Captain Gretar Mar Odinsson, Boeing 757 pilot and EFB administrator, Icelandair, told the 2014 Aircraft eEnablement (Connectivity and IFE) Conference that it is finding it difficult to find one supplier to cover all its needs.

Odinsson said: “We gathered needs and requirements from our sales, marketing, technical operations and other devisions. From this we realised that a common app-based approach was not really appropriate.

“We also saw an opportunity to automate a lot of the manual processes that we have been doing a long time. As an airline we see a value in the data that is not being collected systematically.

“By focusing on data the need for an integrated system aboard the aircraft became clearer. The EFB project then became a component of an overarching e-enablement strategy.”

But having issued an RFP for the programme Odinsson said that they could not find a single supplier to cover all the airline’s needs.

“We created a functional RFP with a specific invitation for suppliers to innovate. But most of the responses were product-focused – mostly app-based, communications-based or single-component responses,” he said.

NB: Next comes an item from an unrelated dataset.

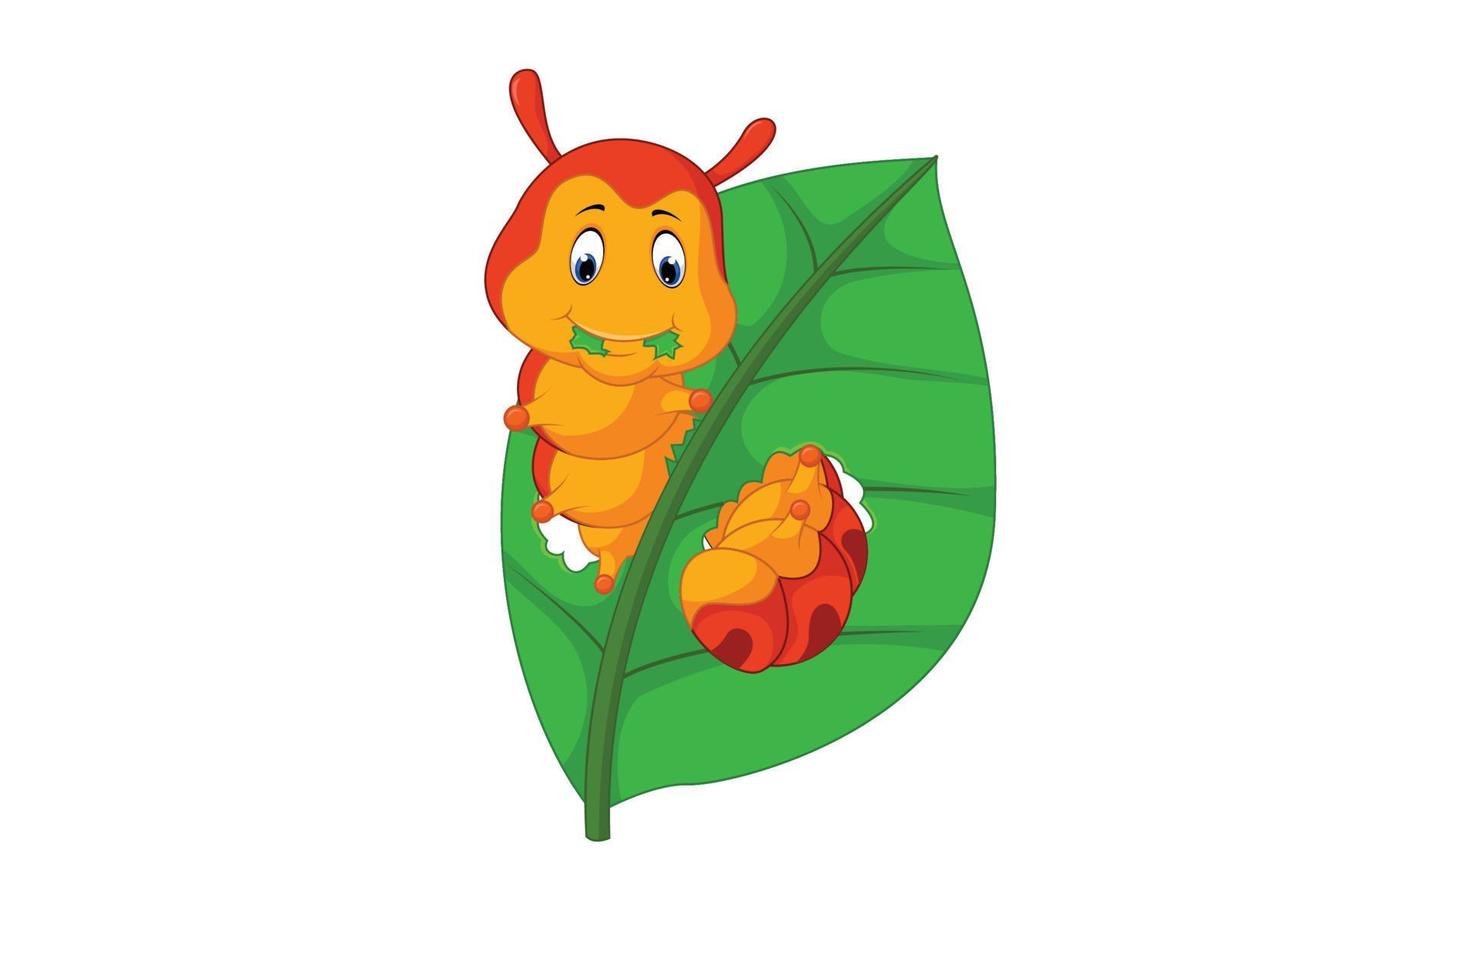 Cute caterpillar cartoon vector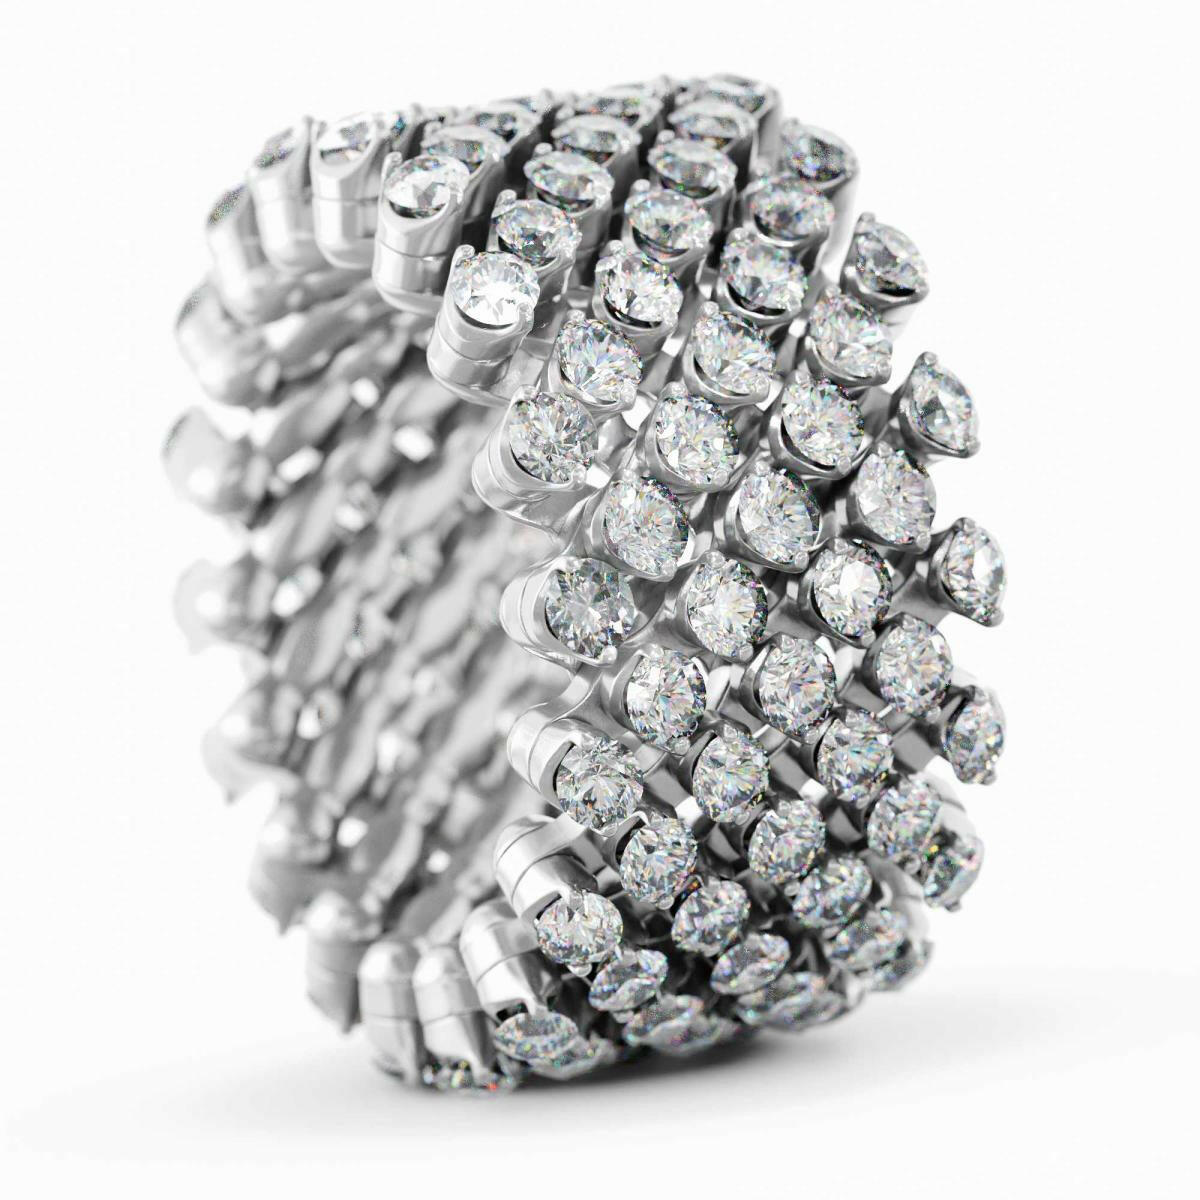 Brevetto Multi-Size Ring von Serafino Consoli online kaufen (Ref. RMS 7F4 WG WD)

“The suppliers appeared to be not ready or comfortable with functionally-specified or systems-based solutions. There was also a reluctance to work with others.

“We didn’t expect a single supplier to provide the whole solution, but we were surprised to see that suppliers were not prepared to join together to provide one,” Odinsson concluded

Captain Michael Bryan, Closed Loop Consulting, added: “There is an advantage in looking at an EFB as a system. This consists of people, structures and processes that work together to create organisational outcomes.

“But technology doesn’t drive the system – people drive the system.

“The point we need to make is that we need to look at problems as a whole – not as a specific system. It demands a holistic strategy,” he said.